- _Work instruction_
What you return must match the listing below character for character, minus any pictures.

- _Data_
[Start of section]
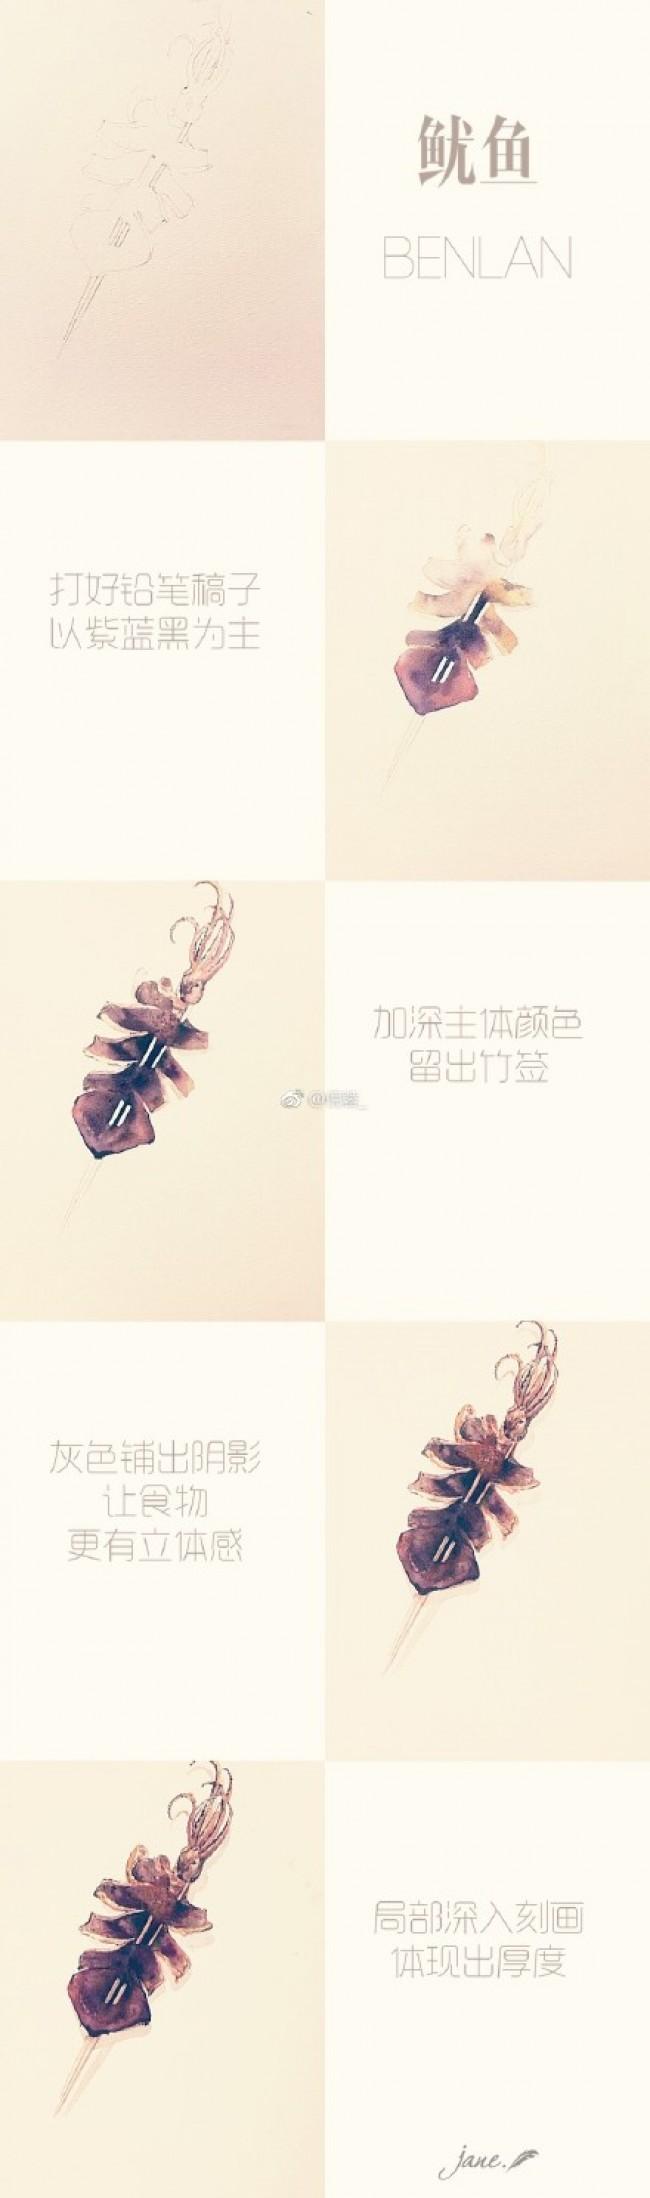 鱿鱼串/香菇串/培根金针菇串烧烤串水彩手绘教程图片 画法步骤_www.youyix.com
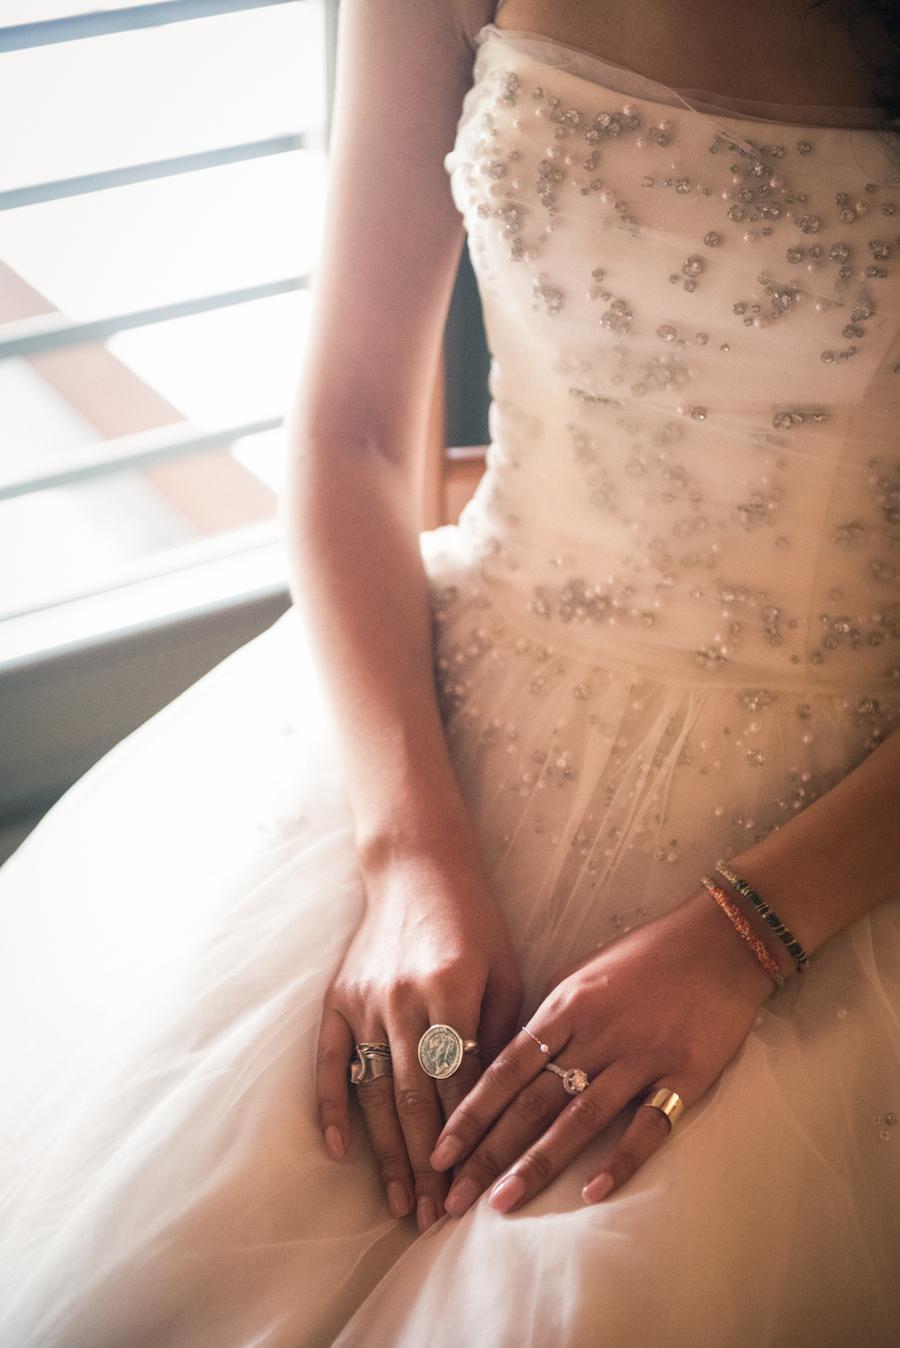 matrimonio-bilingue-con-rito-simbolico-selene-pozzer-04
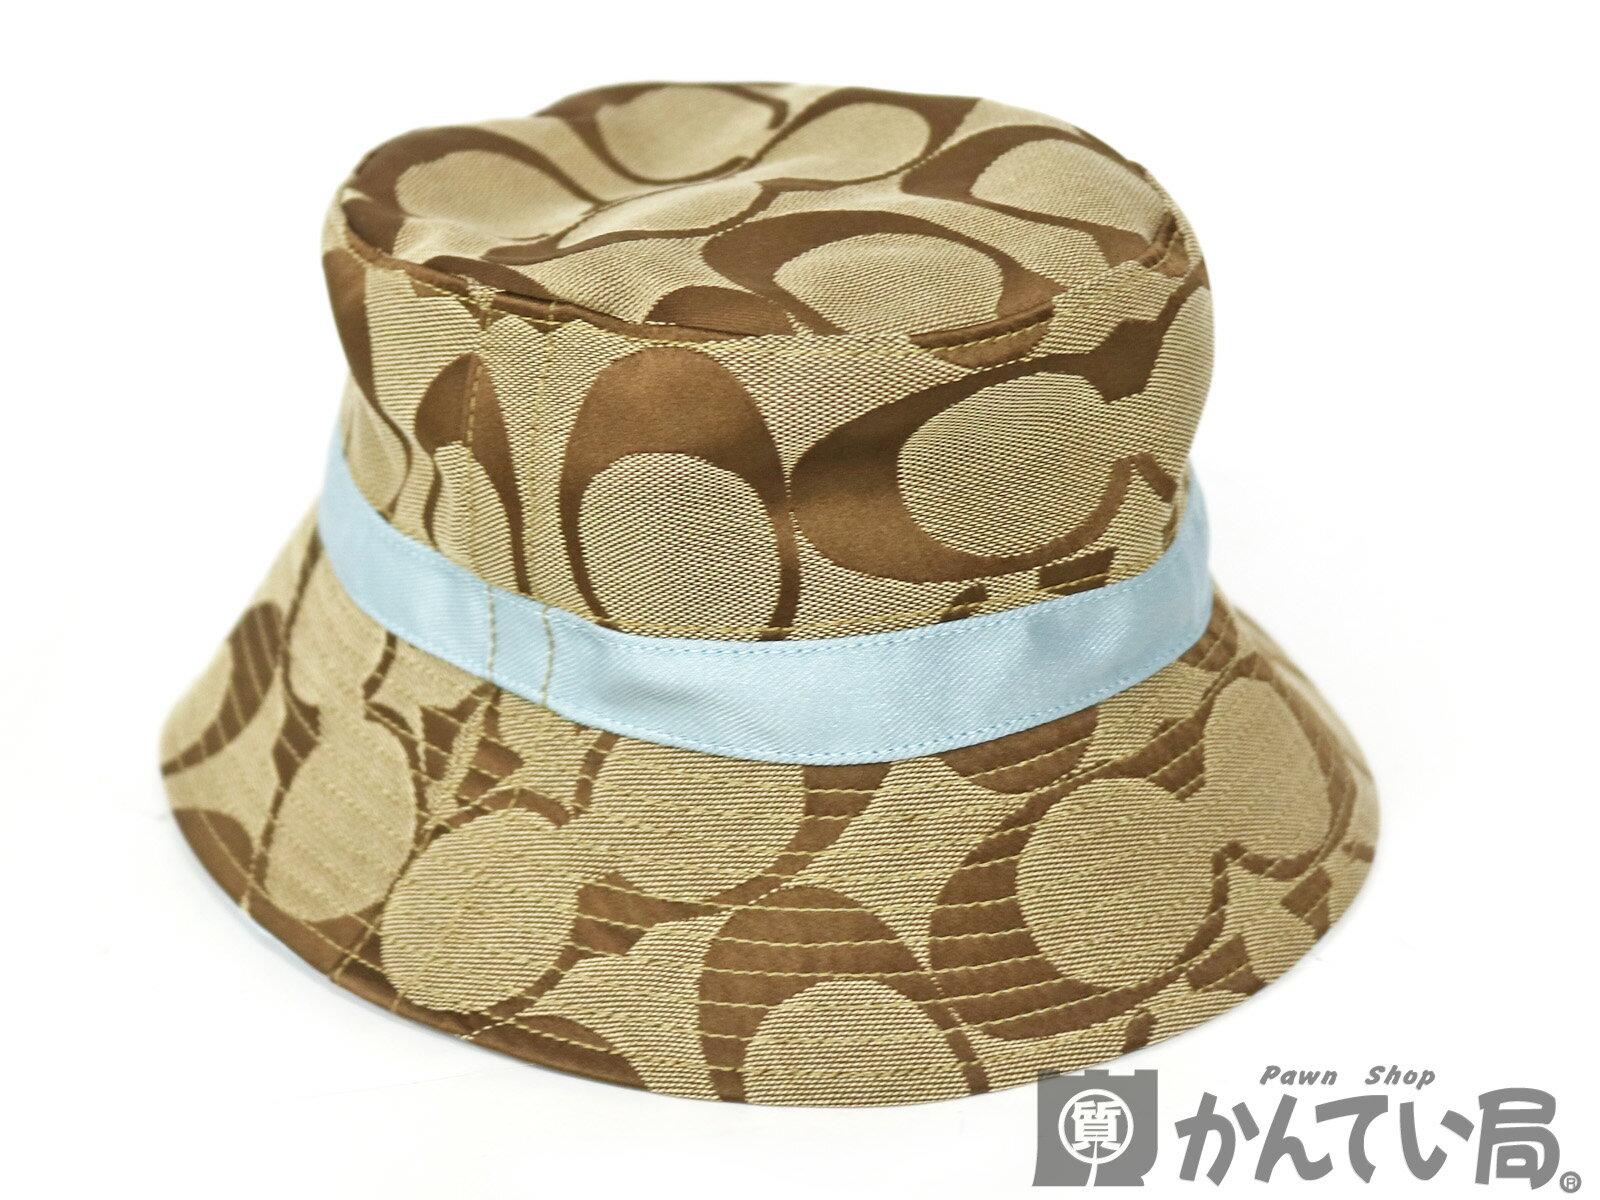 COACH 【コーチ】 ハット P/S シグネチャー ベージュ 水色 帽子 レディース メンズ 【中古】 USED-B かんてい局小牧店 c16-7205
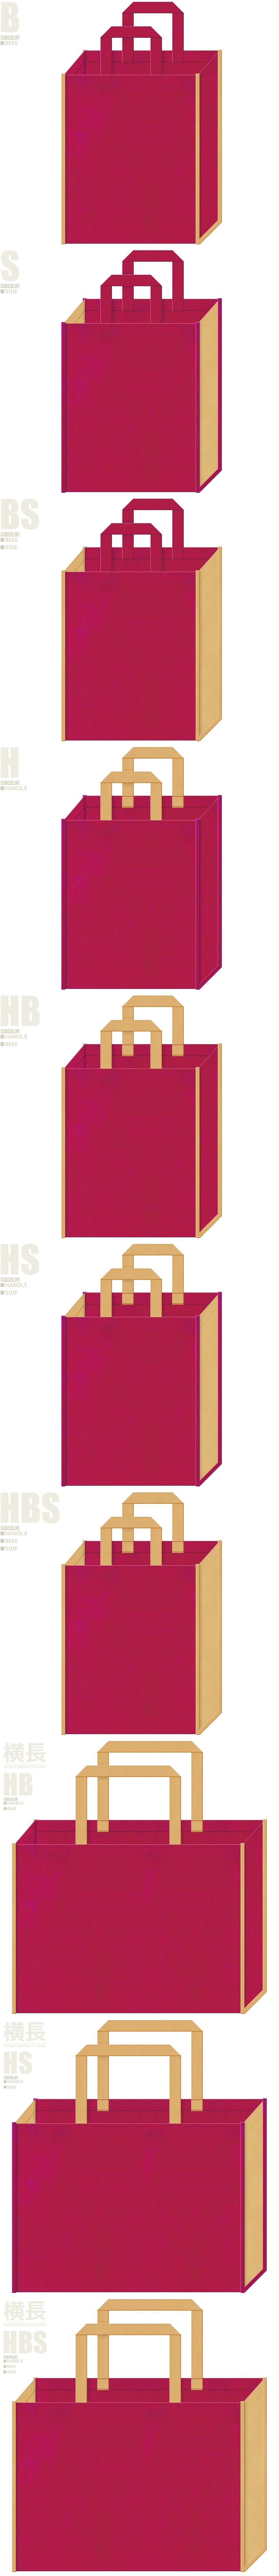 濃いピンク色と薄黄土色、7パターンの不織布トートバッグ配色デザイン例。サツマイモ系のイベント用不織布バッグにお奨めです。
[End of section]
- _Output for this exercise_
 鱿鱼串/香菇串/培根金针菇串烧烤串水彩手绘教程图片 画法步骤_www.youyix.com
 matrimonio-bilingue-con-rito-simbolico-selene-pozzer-04
 COACH 【コーチ】 ハット P/S シグネチャー ベージュ 水色 帽子 レディース メンズ 【中古】 USED-B かんてい局小牧店 c16-7205
 濃いピンク色と薄黄土色、7パターンの不織布トートバッグ配色デザイン例。サツマイモ系のイベント用不織布バッグにお奨めです。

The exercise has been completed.